Debra prodded him. "You still haven't answered my main question, John."
"I'm sorry. I…what was it? I kinda lost track."
"That's okay. Maybe I didn't phrase it succinctly enough. What did your mother do that put pressure on you?"
"Oh." He sat quietly, not wanting to answer, not really sure how to.
46
"Look," Eric was saying. "I told you that the psych exam was incomplete. I don't care anymore why that was so. I just want it done now. That's how it has to be."

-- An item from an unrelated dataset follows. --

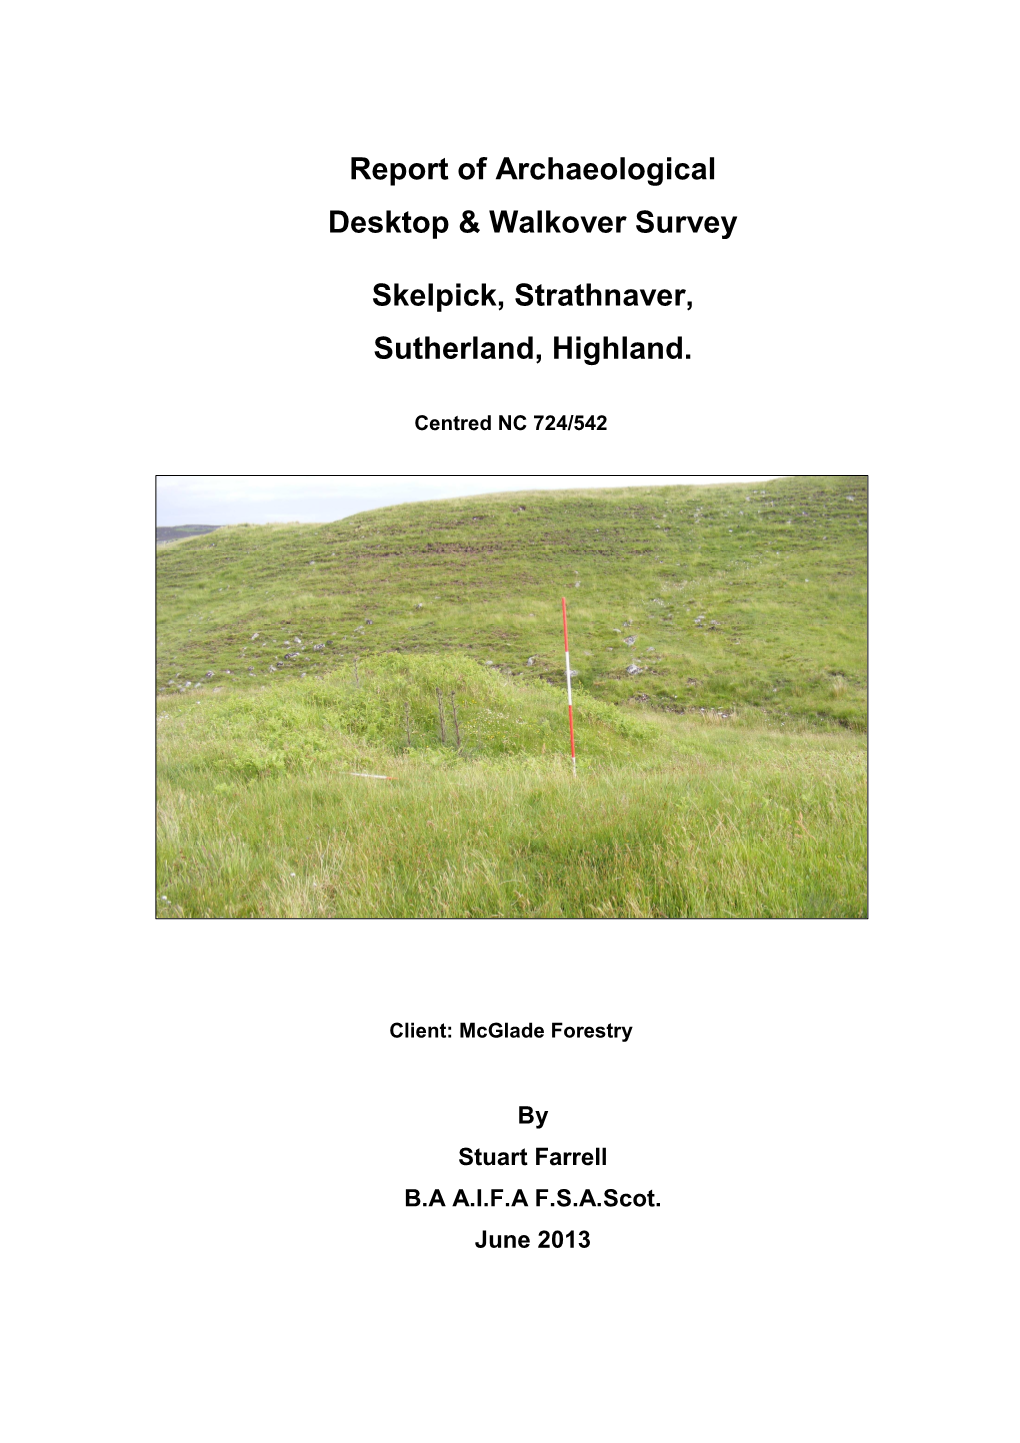 Report of Archaeological Desktop & Walkover

"'Has to be,'" Eric Senior mocked. "You've always had to have things 'the way they have to be' in your opinion. It was that way when you were a kid," he said harshly. "I never understood you then and I sure as hell don't now."
The old man's tone made Emily wince. Her father held his ground, but Eric Senior seemed to hate him. She felt she was missing something here. It was more than the present issue of John Hardy, serious though that was. There appeared to be old wounds or feelings Eric Senior had held for a long time.
She knew about unresolved grudges. The painful memory of her mother dying of a pulmonary embolism after an injury at one of her landscaping projects resurfaced. Emily had blamed her for dying. The feelings lasted for almost a year. She never told her father about them, but she had made things awful for him. Yet, at thirteen, things were so black-and-white. It was either right-or-wrong and things fit where they went.
Eric Senior ranted on, disturbing her
thoughts.
"That goddamned monster up there deserves to die. You know that. If you don't do it, I'll do it myself!"
Emily blinked in surprise. The voice was gravely with aged maleness, but the words had been her own. Once. And they had been wrong. "Shut up!" she shouted impulsively. "Dammit, Dad knows what he's doing. Just leave him alone and let him do it." She didn't remember approaching him, but there was old Eric Senior, sitting beneath her, eyes bulging and his face nearly crimson.
Sputtering at first, he managed to yell at Eric, "Are you gonna let her talk to me like this?"
"Damn you, Emily. Show some respect," Ed blurted before Eric responded.
"To a close-minded old man?" she retorted. "Don't any of you understand what is really going on here? The court, and you, just want my father to go upstairs and kill a man, without any consideration whatsoever."
"He is supposed to carry out the court's decision and sentence," Frank said.
"Thank you so much for clearing that up for us, Frank," she said, staring hard at him. She then added, "So he should go on and do it? Without giving it another thought?"
Frank broke eye contact. He looked around, then said, "Yes. The probabilities tech stated at the trial that the evidence statistically weighed heavily against Hardy."
"Which is a grossly improper use of statistics," Eric finally said, taking over his own defense. He took Emily by both shoulders and pulled her gently but firmly back from Eric Senior. Before he let go, though, he gave her another appreciative squeeze, with both hands. "Being entrenched in the business world like you are, Frank, I would have expected you to realize that."
"It's the law, Uncle."
"Yes. It is."
Ed stood, adjusting the cuffs of his shirt and coat. "Sorry, Uncle Eric, but I can't help the way I feel. Maybe you think you needed this meeting, but it's just been a waste of time." He looked at his cuffs again. An ugly but firm tone of certainty in his voice, he said, "Go on and execute him. Get it over with. You'll know it's right, eventually."